Si le Japon a déployé tardivement son réseau accélérométrique permanent (section 1.1), il inclut dès l’origine en 1952 des instruments en structures. En 1965, on compte 33 bâtiments instrumentés (ERI, 1965). Aujourd’hui, le Building Research Institute (BRI) japonais exploite 74 réseaux de stations dans des bâtiments. En 1965, la ville de Los Angeles vote une loi obligeant tous les bâtiments de plus de 10 étages à être équipés d’au moins 3 accélérographes. Ainsi, 50 bâtiments instrumentés permettent l’enregistrement du séisme de San Fernando en 1971. En 1972 est lancé le California Strong Motion Instrumentation Program (CSMIP) dont le but est d’obtenir des enregistrements accélérométriques de séismes, notamment dans les structures. 200 stations sont installées dans des bâtiments, 27 dans des barrages et 66 sur des ponts en Californie. En parallèle, au niveau fédéral, l’USGS exploite aujourd’hui 94 réseaux en structure, 69 dans des barrages et 14 sur des ponts à travers le programme NSMP (http://earthquake.usgs.gov/monitoring/nsmp/structures/).

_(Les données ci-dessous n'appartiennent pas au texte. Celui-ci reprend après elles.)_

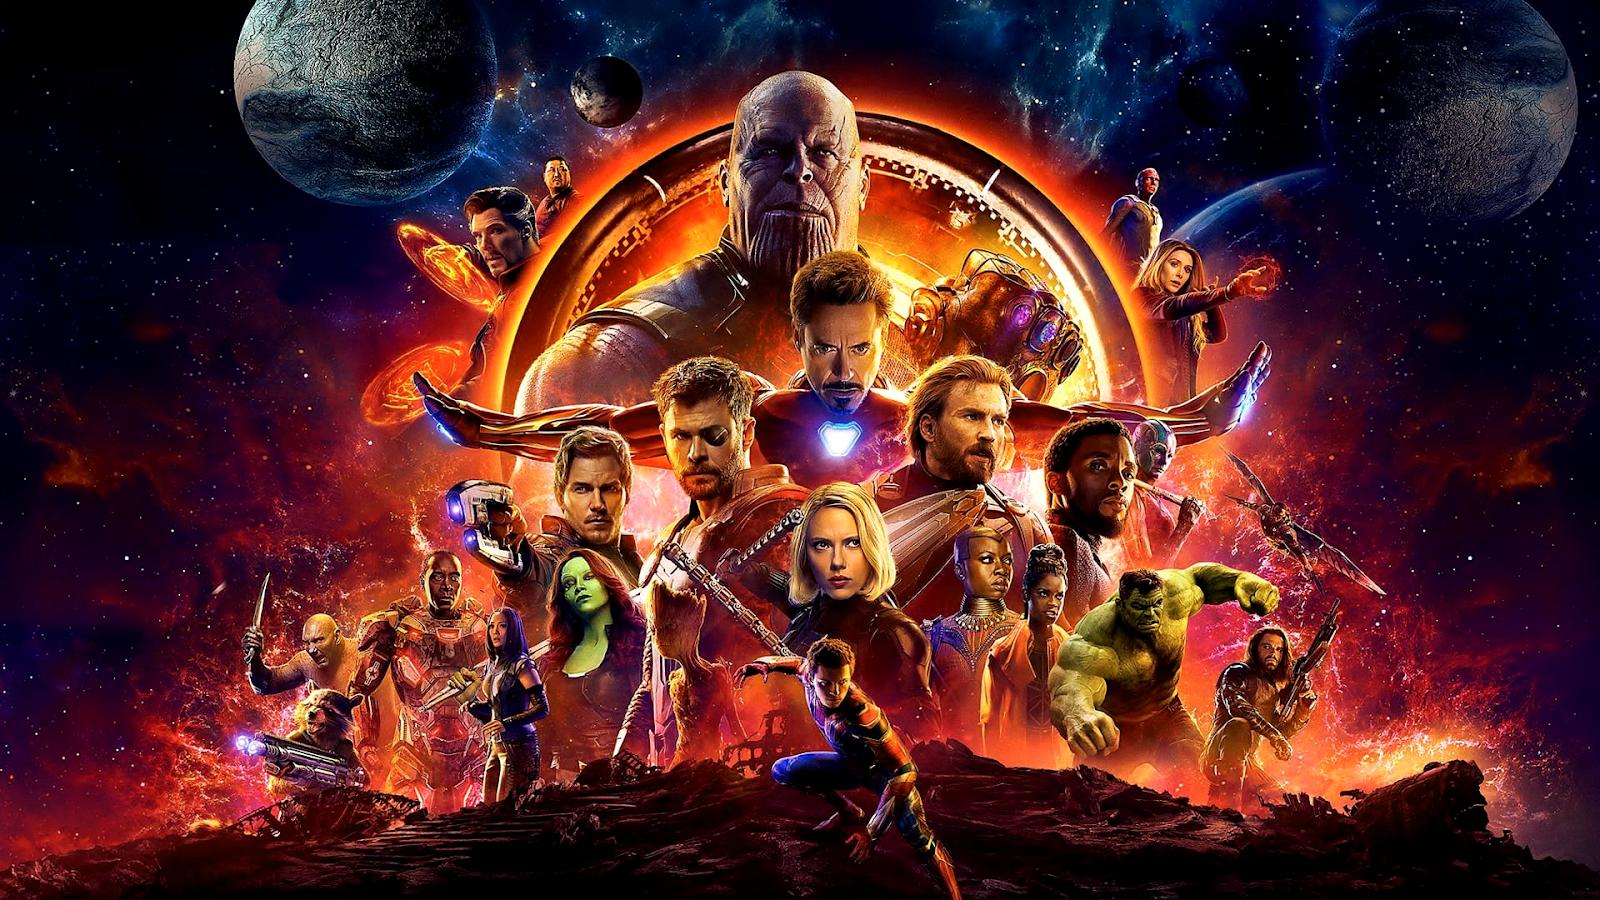 Free Download Avengers Infinity War 1920x1080 Wallpapers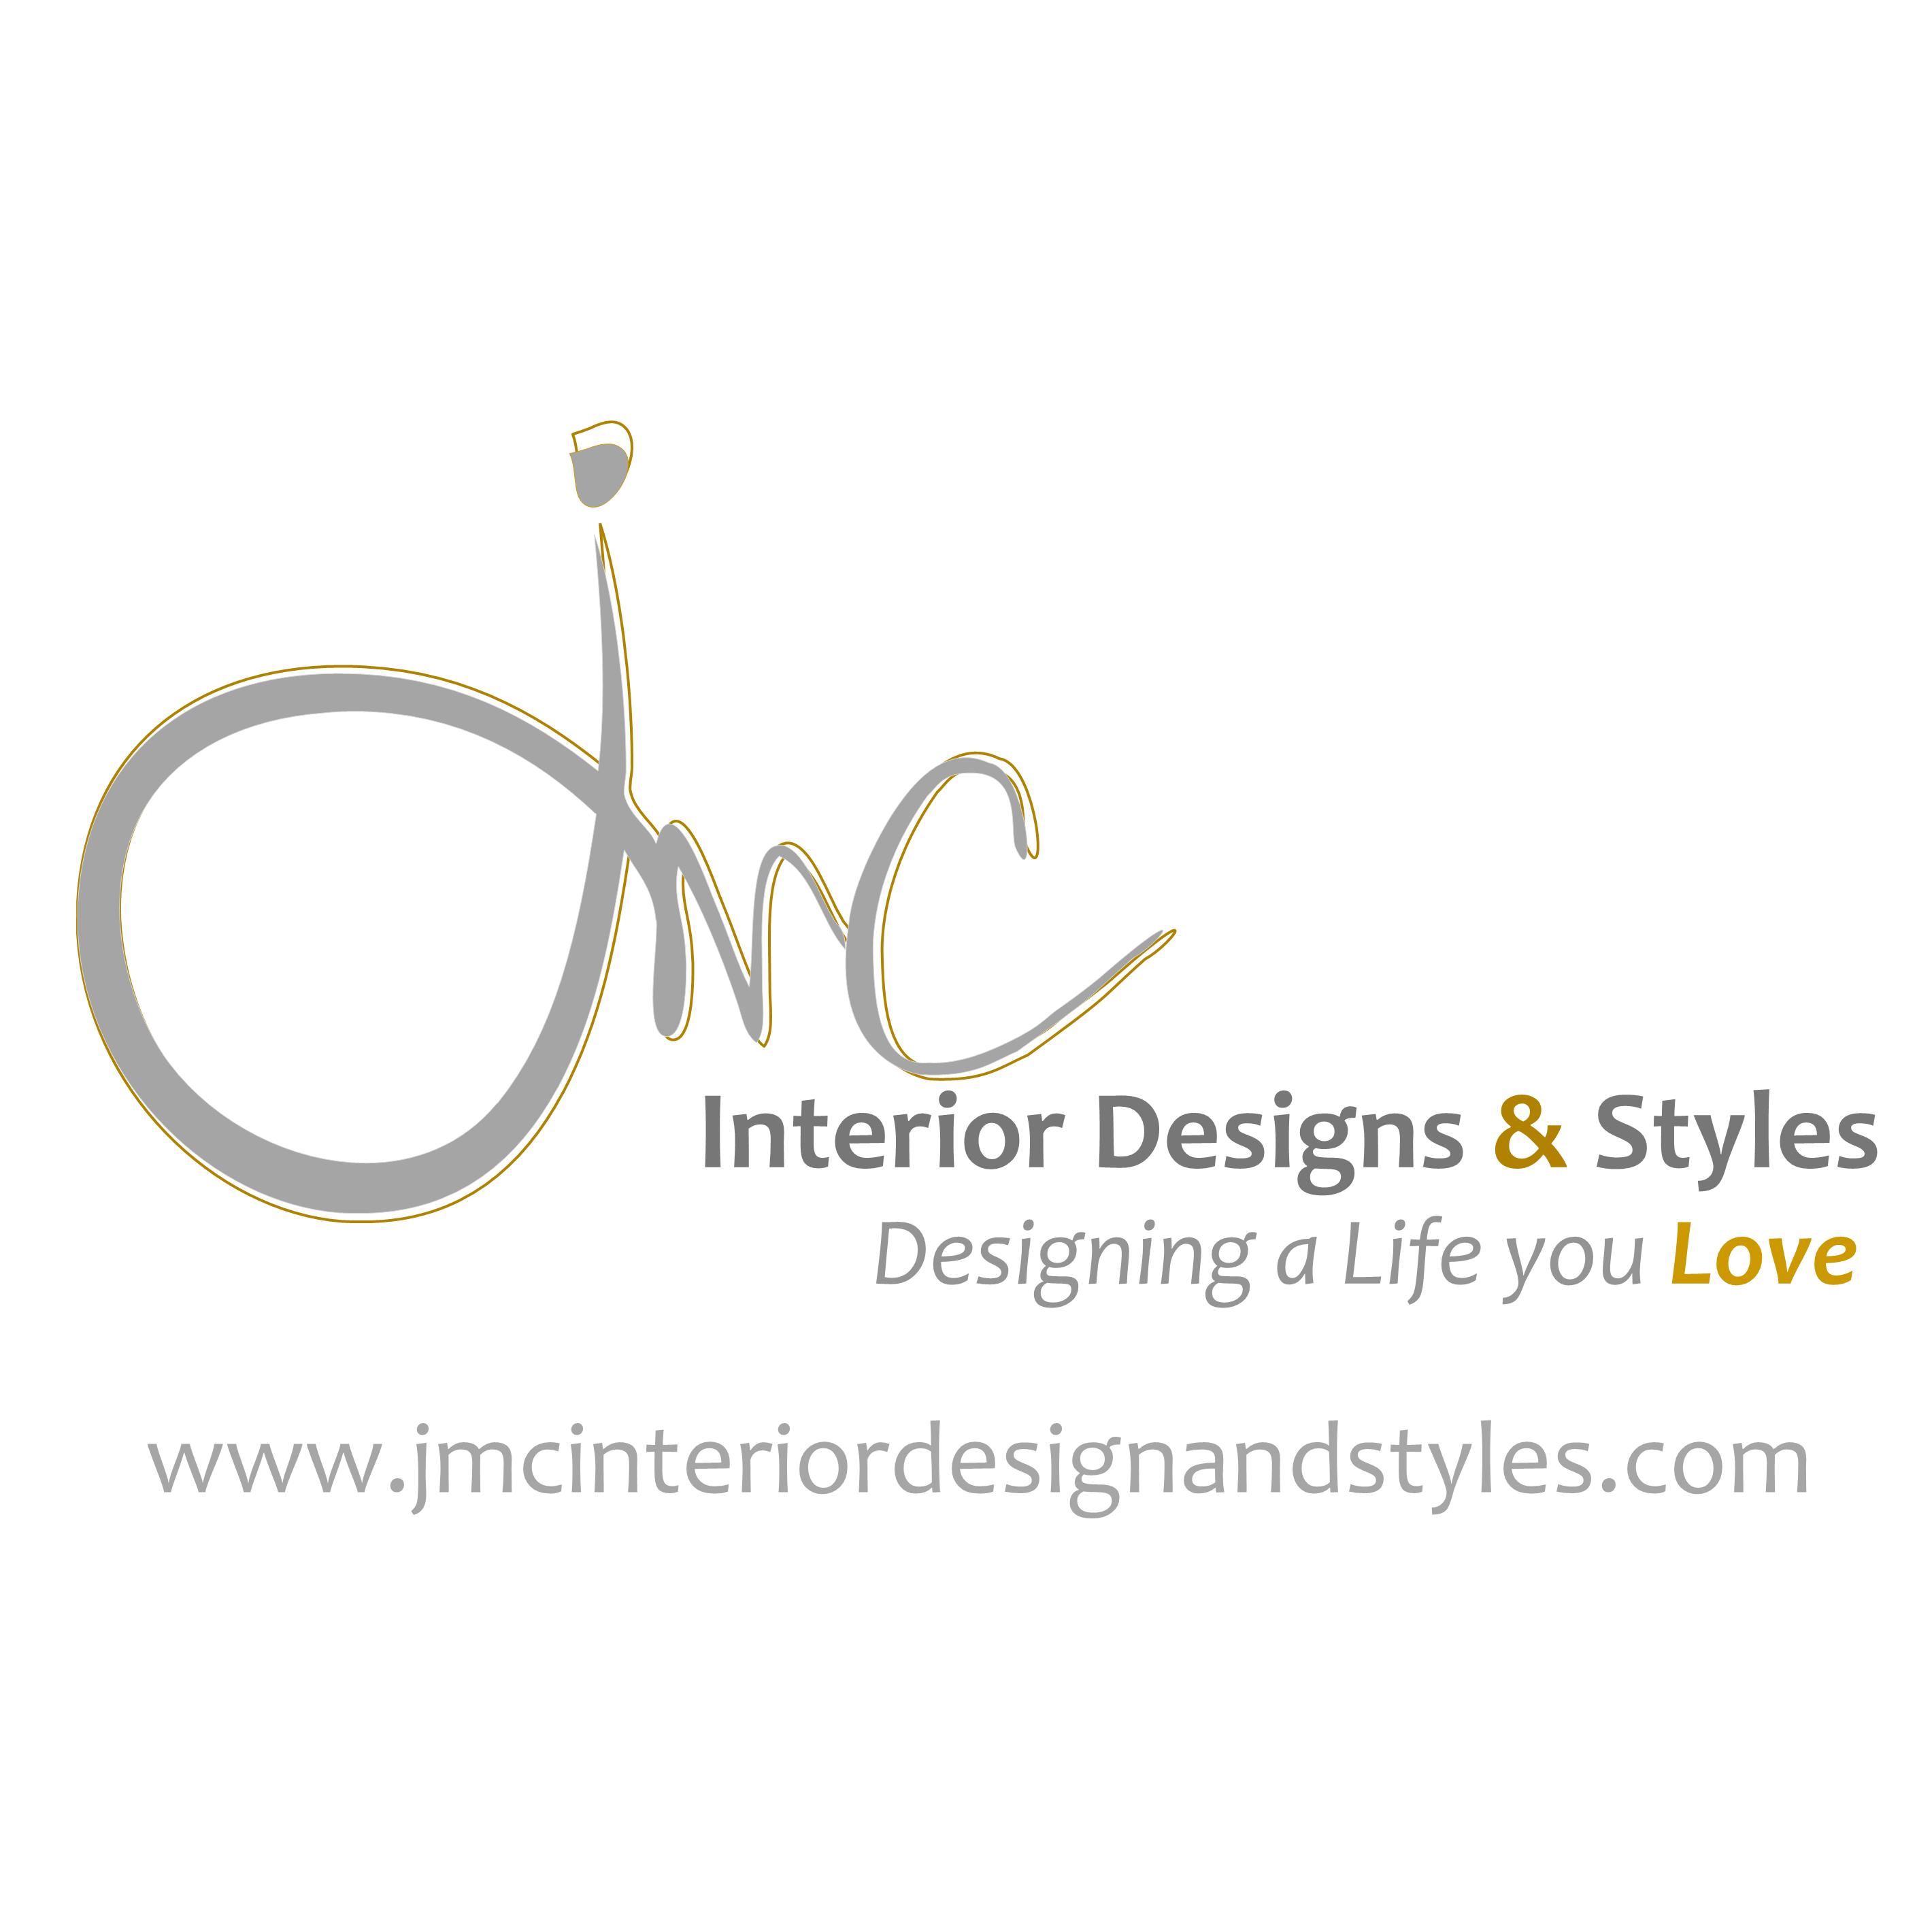 Jmc Interior Designs & Styles image 1

Depuis 1992, Taïwan possède également son programme d’enregistrement de mouvements forts en structures (CWB TSMIP) qui comporte aujourd’hui 58 réseaux en bâtiments. En Suisse, si l’on exclue les centrales nucléaires dont l’instrumentation a commencé en 1970 à Beznau, les premiers accélérographes ont été placés sur le barrage d’Emosson en 1975, avant même les installations en champ libre. Dans les années 1990, 5 barrages-voûtes ont été densément instrumentés (Emosson, Mauvoisin, Grande Dixence, Mattmark et Punt dal Gall), permettant des études internationales (p. ex. Darbre et al., 2000; Chopra et Wang, 2010) mais n’ont pas bénéficié de renouvellement depuis lors. L’Italie a lancé son propre programme au début des années 2000 et compte aujourd’hui 127 bâtiments, 7 ponts et 1 barrage instrumentés (Dolce et al., 2017). En France, le programme NBAP du RAP-RESIF, lancé en 2004, comporte 5 bâtiments instrumentés : l’Hôtel de Ville de Grenoble (Michel et al., 2010a), la Tour Ophite de Lourdes, la tour de la préfecture de Nice, le Centre de Découverte des Sciences de la Terre en Martinique (Guéguen, 2012) et le collège de Basse-Pointe en Martinique. En Nouvelle-Zélande, le programme BIP du réseau GeoNet a instrumenté 11 bâtiments et 3 ponts depuis 2007. D’autres pays possèdent des stations accélérométriques permanentes en bâtiments comme le Chili, le Mexique, la

Grèce, la Turquie, la Roumanie, la Moldavie, la Macédoine ou encore la Chine et la Corée du Sud. En outre, il est de plus en plus aisé de réaliser des instrumentations temporaires de structures afin d’analyser leur vibrations ambiantes : capteurs de plus en plus petits, synchronisation sans fils, etc. Par ailleurs, d’autres techniques voient le jour comme la vibrométrie LASER à longue distance qui pourrait permettre d’acquérir les vibrations de nombreux bâtiments en limitant les déplacements et sans devoir pénétrer dans les structures (Guéguen et al., 2010; Valla et al., 2015).